↓

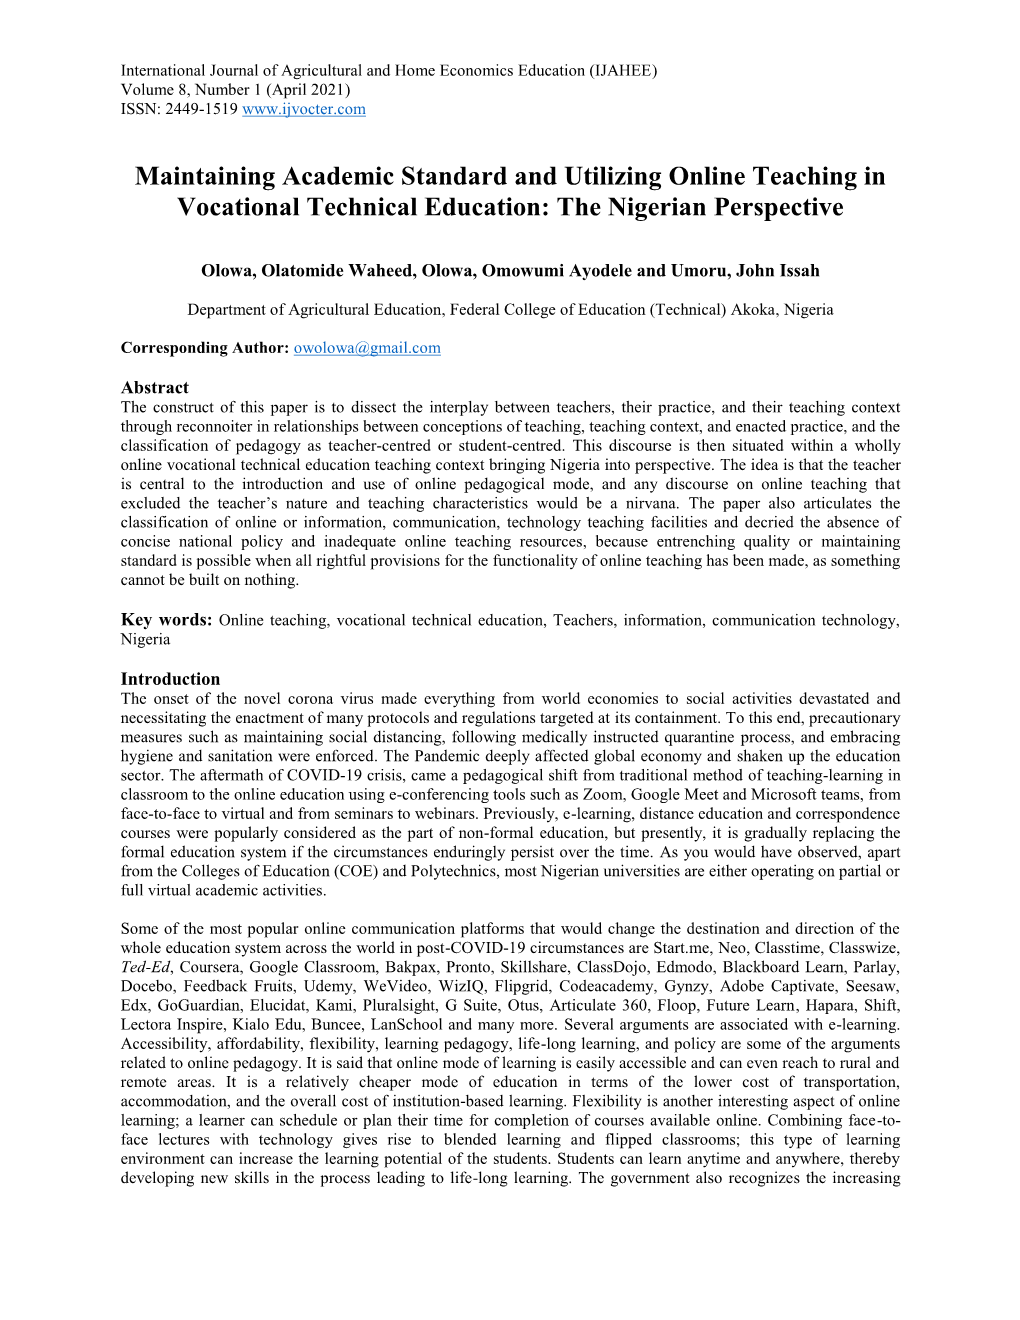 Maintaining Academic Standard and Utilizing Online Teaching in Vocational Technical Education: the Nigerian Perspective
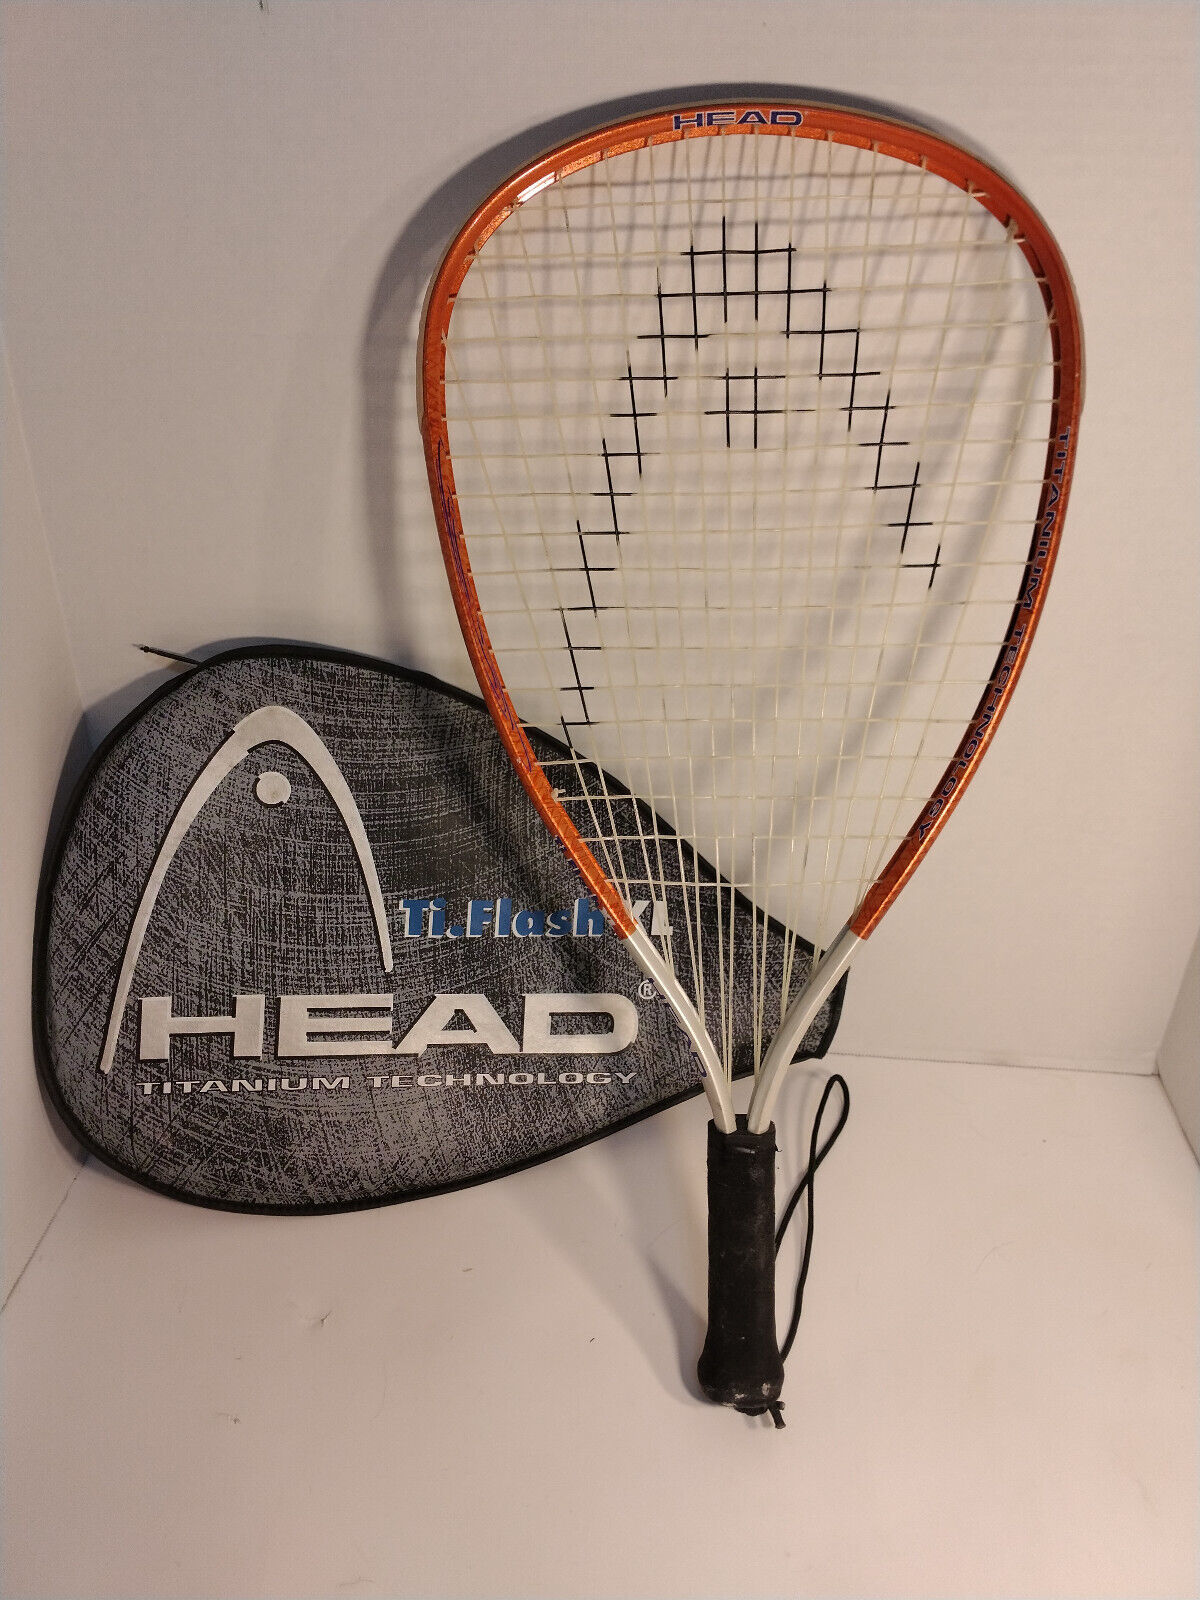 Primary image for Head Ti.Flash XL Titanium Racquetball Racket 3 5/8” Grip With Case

↑
↓

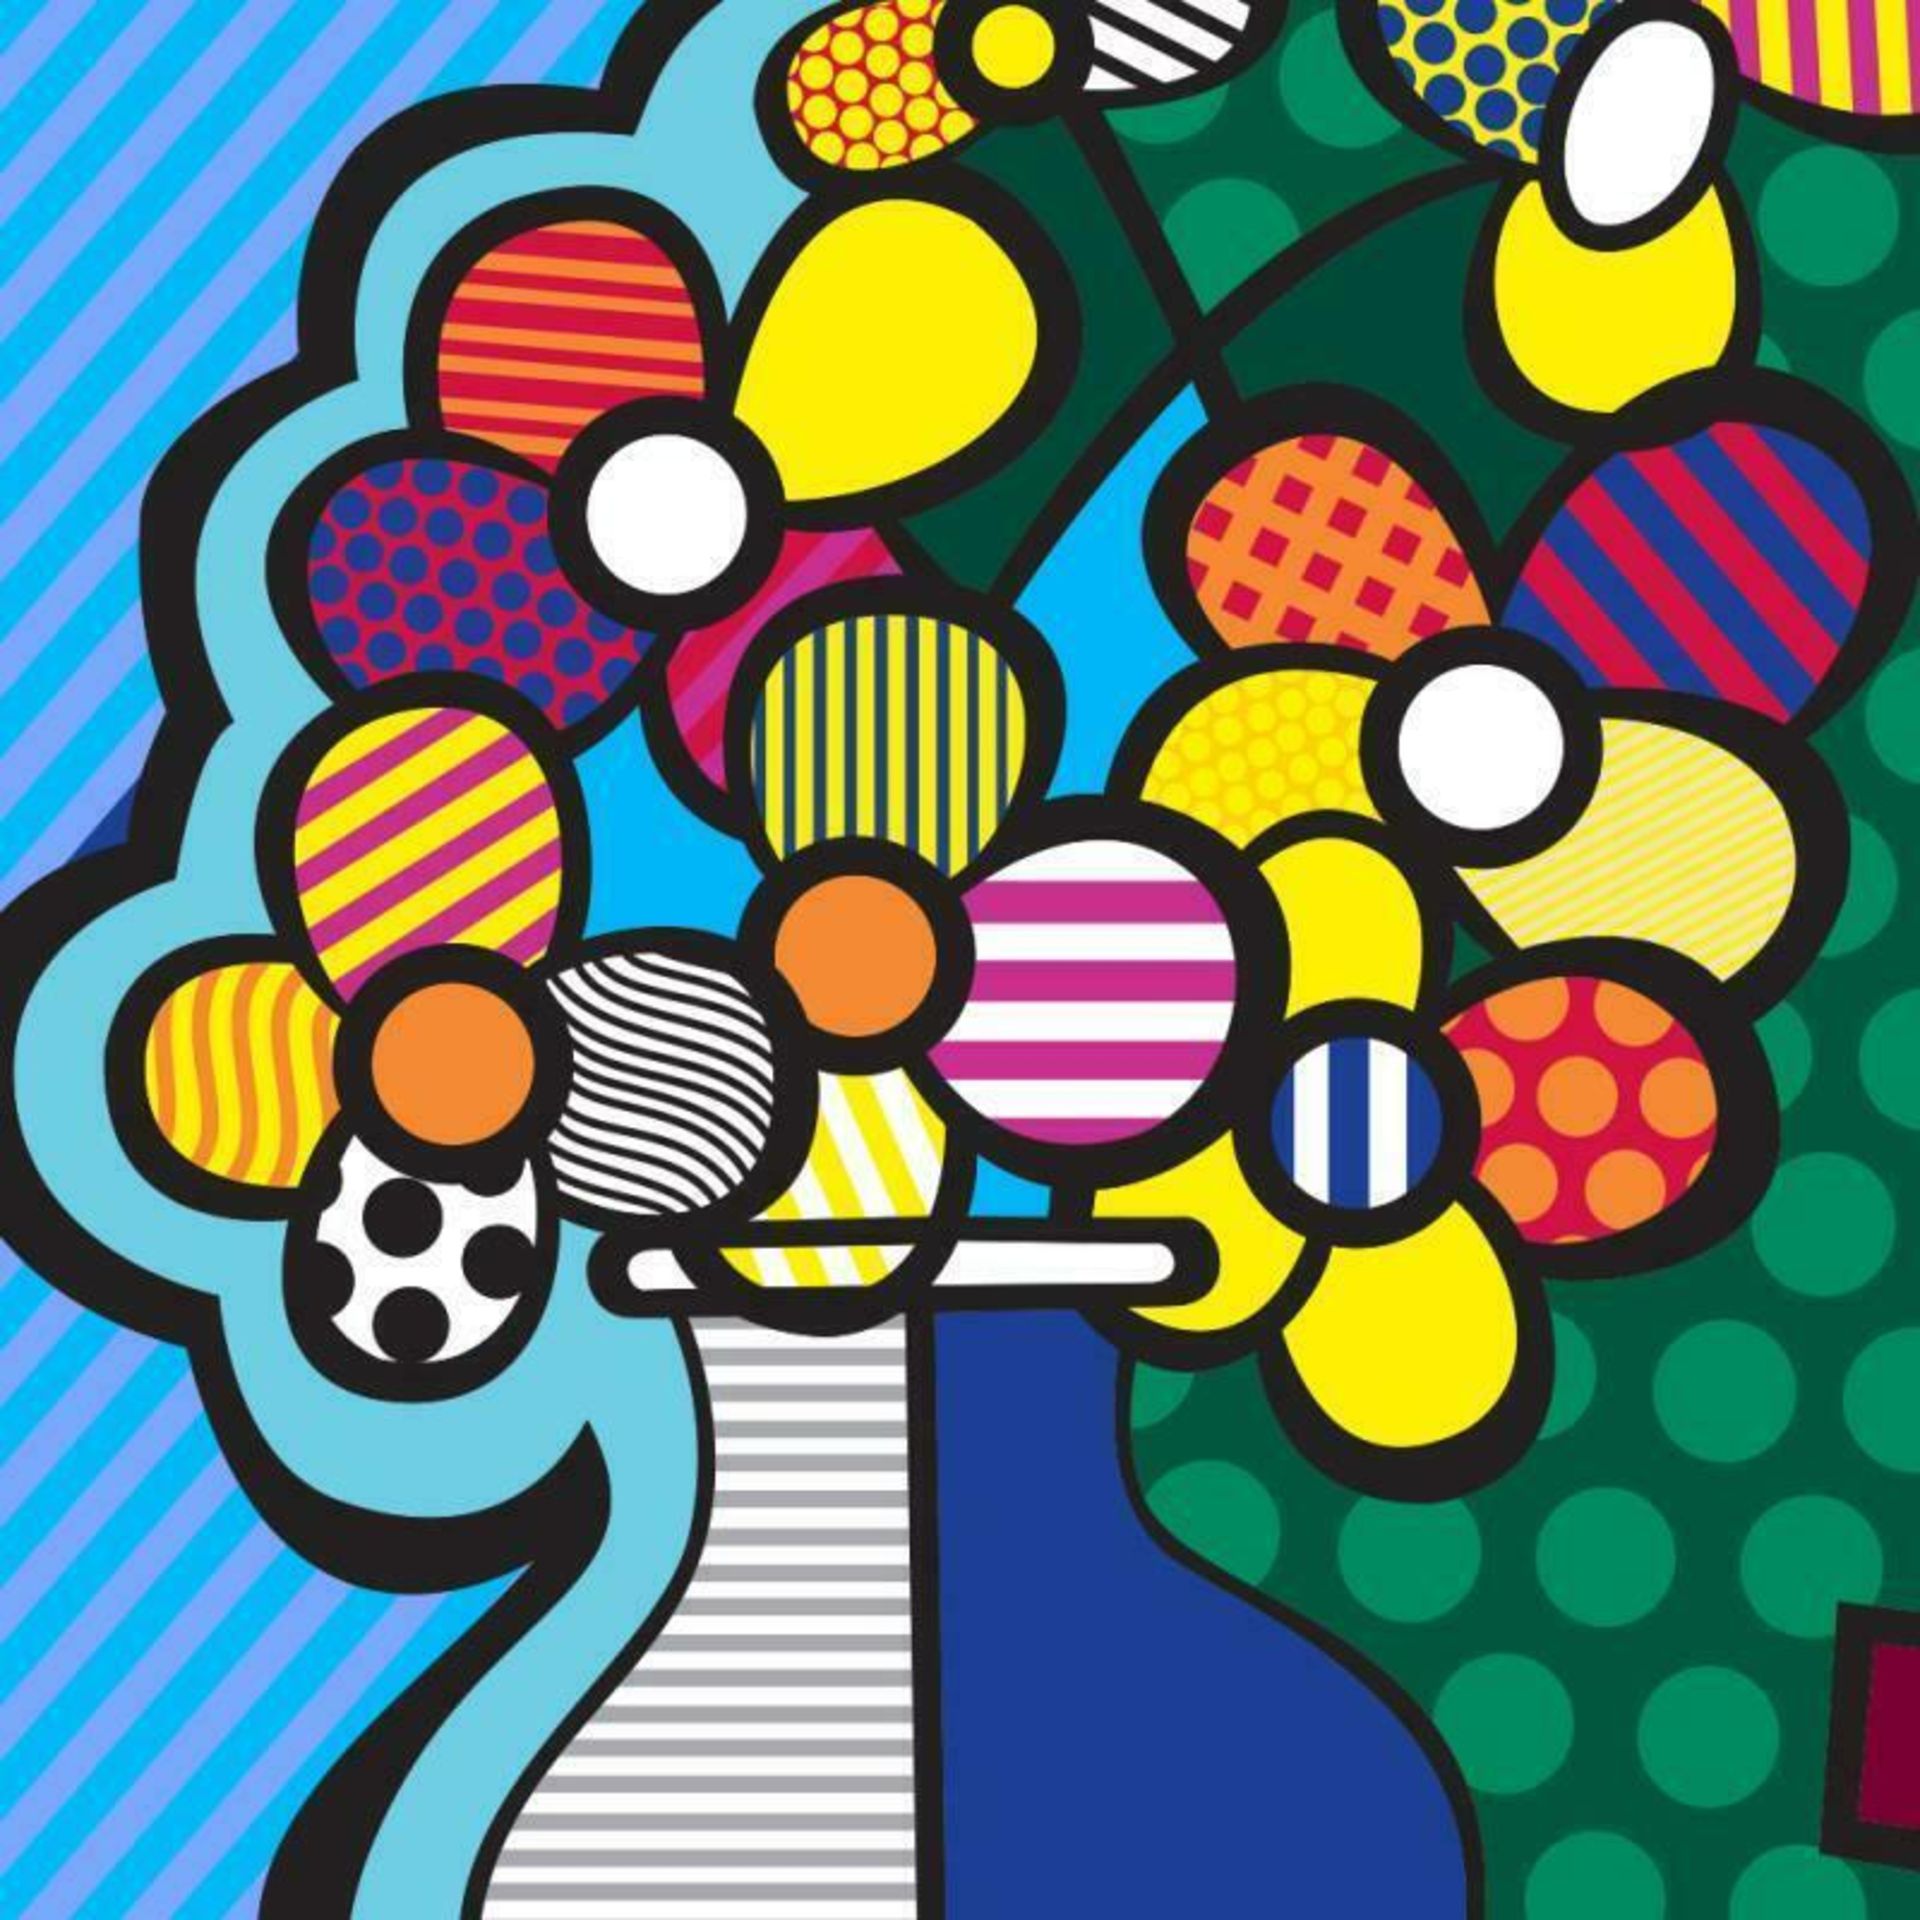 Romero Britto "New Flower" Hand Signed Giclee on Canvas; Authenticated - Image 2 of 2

↑

YOUR TASK :: Reproduce, exactly and only, the lines of the records above starting at the line with "Maintaining Academic Standard" and ending at the line with "Primary image for", both included. Leave every picture out.

ANSWER FOR THIS EXERCISE ::
 Maintaining Academic Standard and Utilizing Online Teaching in Vocational Technical Education: the Nigerian Perspective
 Primary image for Head Ti.Flash XL Titanium Racquetball Racket 3 5/8” Grip With Case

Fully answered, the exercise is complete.